● Task description
Give back every line of the data exactly. Pictures are not part of the copy.

● Dataset content
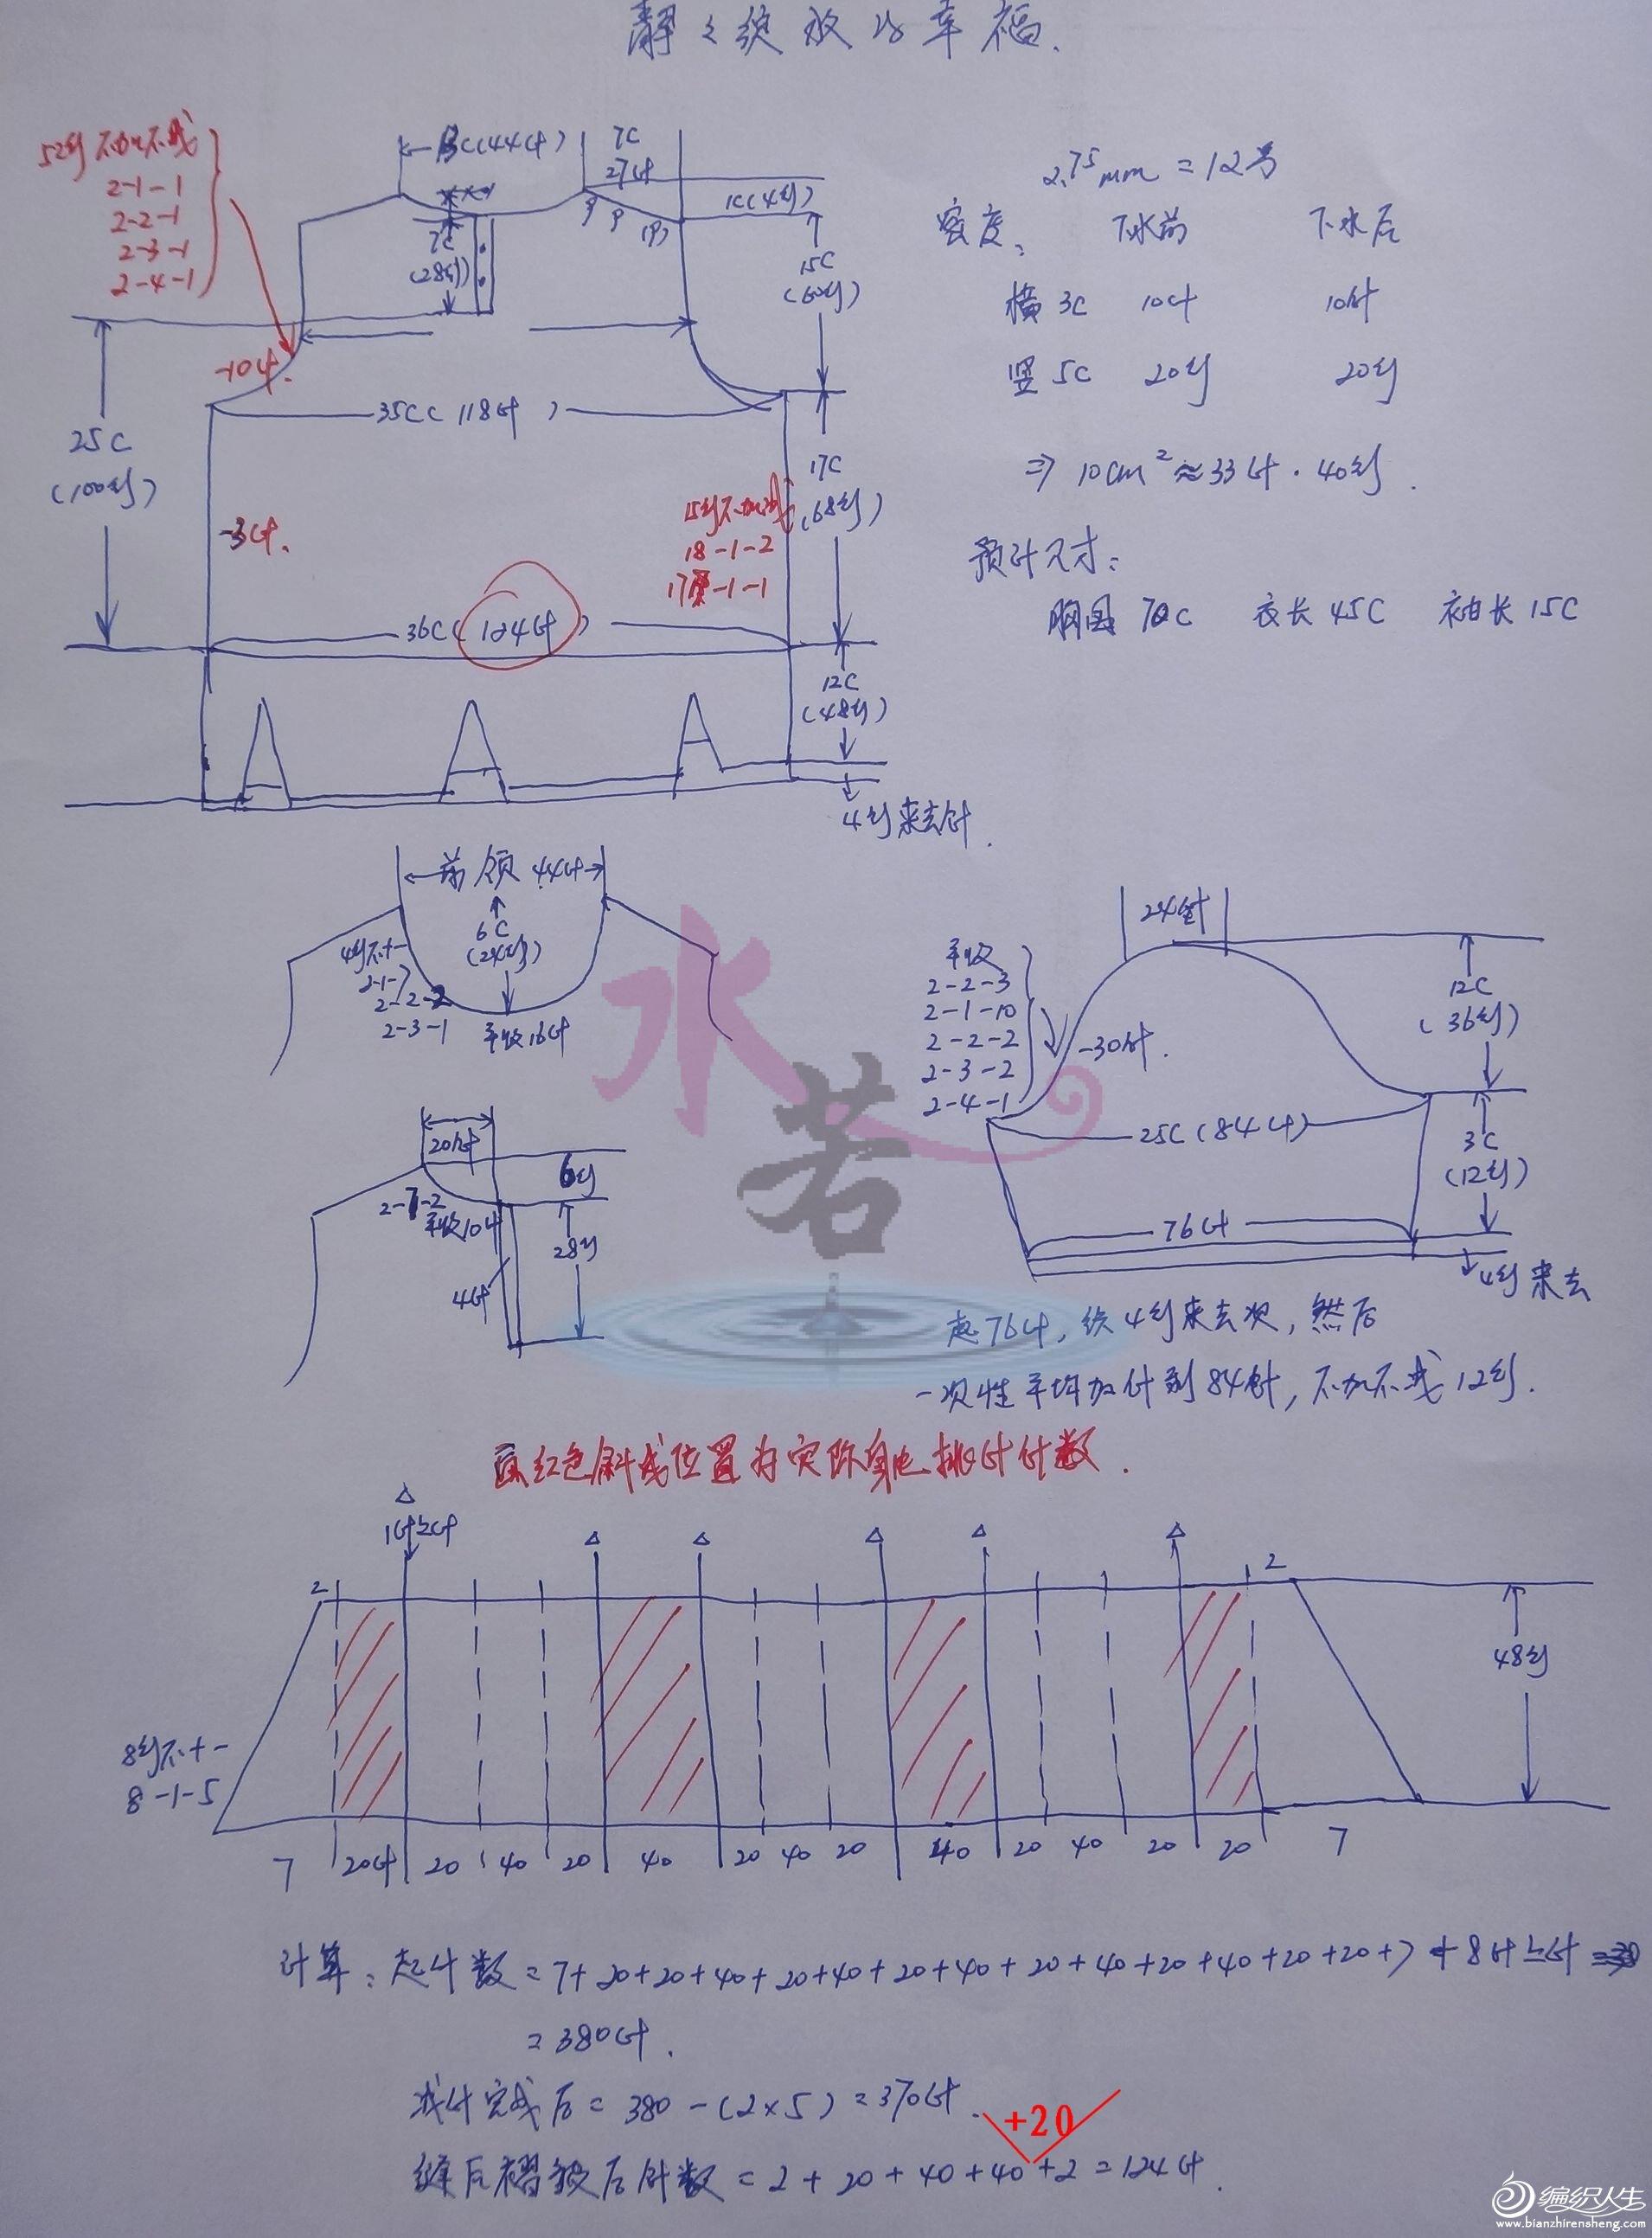 工艺草图.JPG
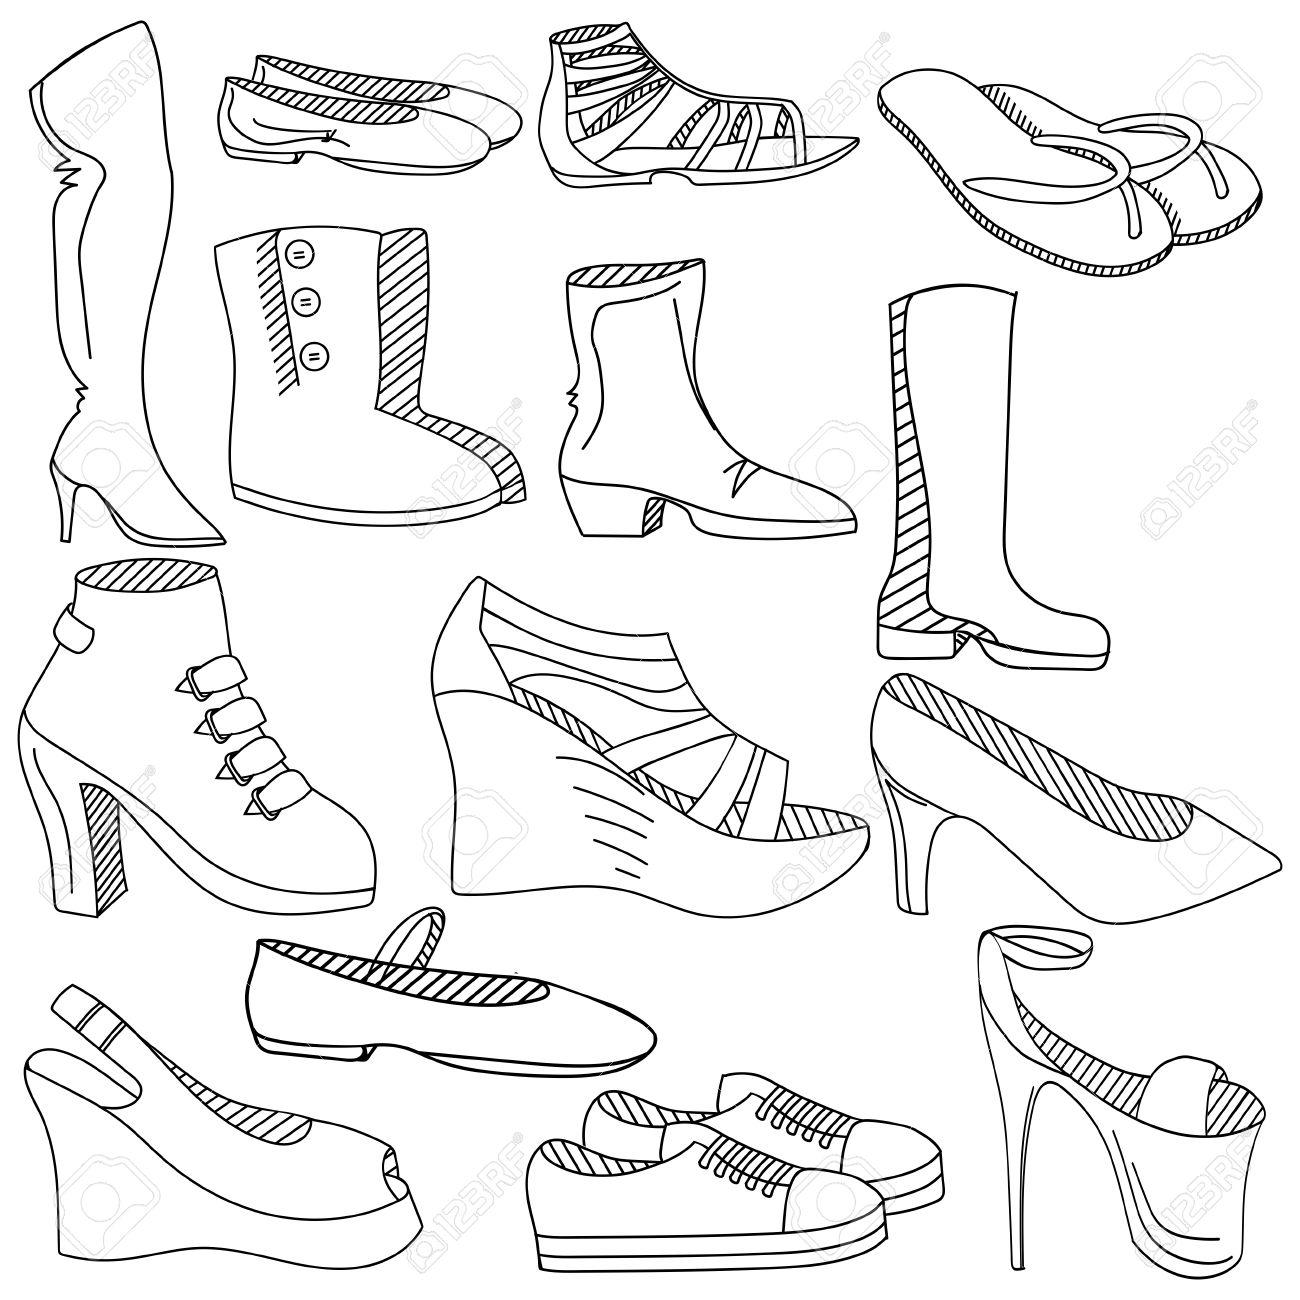 livreSéparer l'illustration coloriage objetsHand design Chaussures de éléments conception griffonnage de du drawn ligne femme de art les vecteur 8kOnwX0P
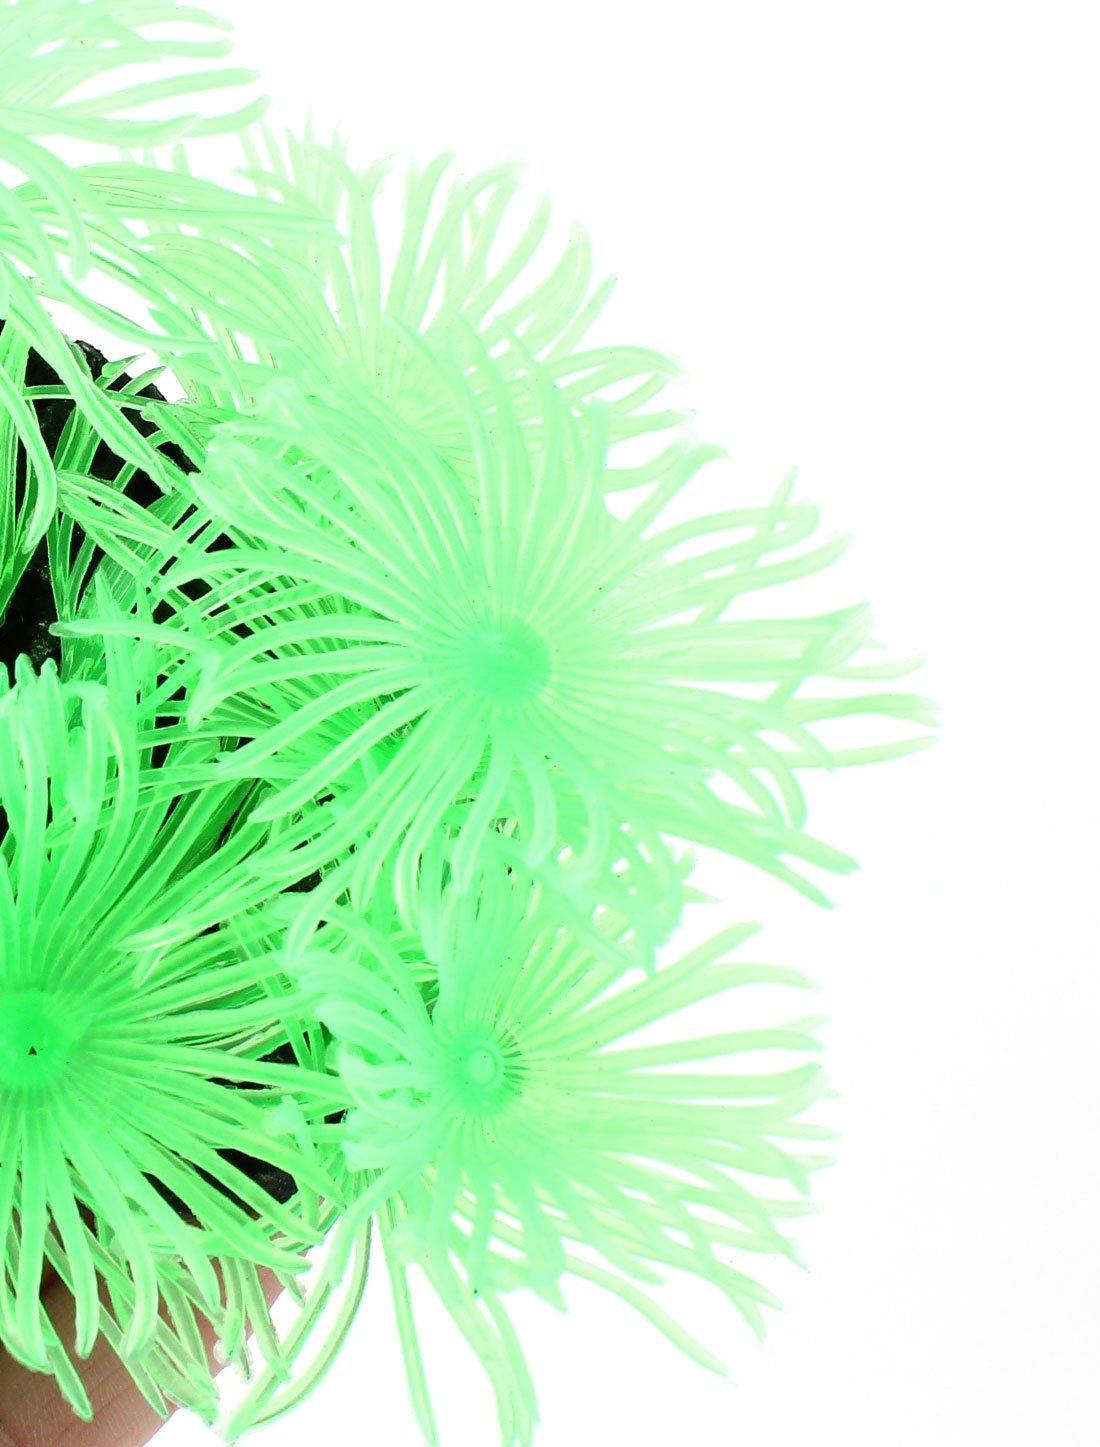 Amazon.com : Planta Bajo el agua del acuario de emulación de silicona 3, 9 pulgadas Altura Verde : Pet Supplies

● Response to this exercise
 工艺草图.JPG
 livreSéparer l'illustration coloriage objetsHand design Chaussures de éléments conception griffonnage de du drawn ligne femme de art les vecteur 8kOnwX0P
 Amazon.com : Planta Bajo el agua del acuario de emulación de silicona 3, 9 pulgadas Altura Verde : Pet Supplies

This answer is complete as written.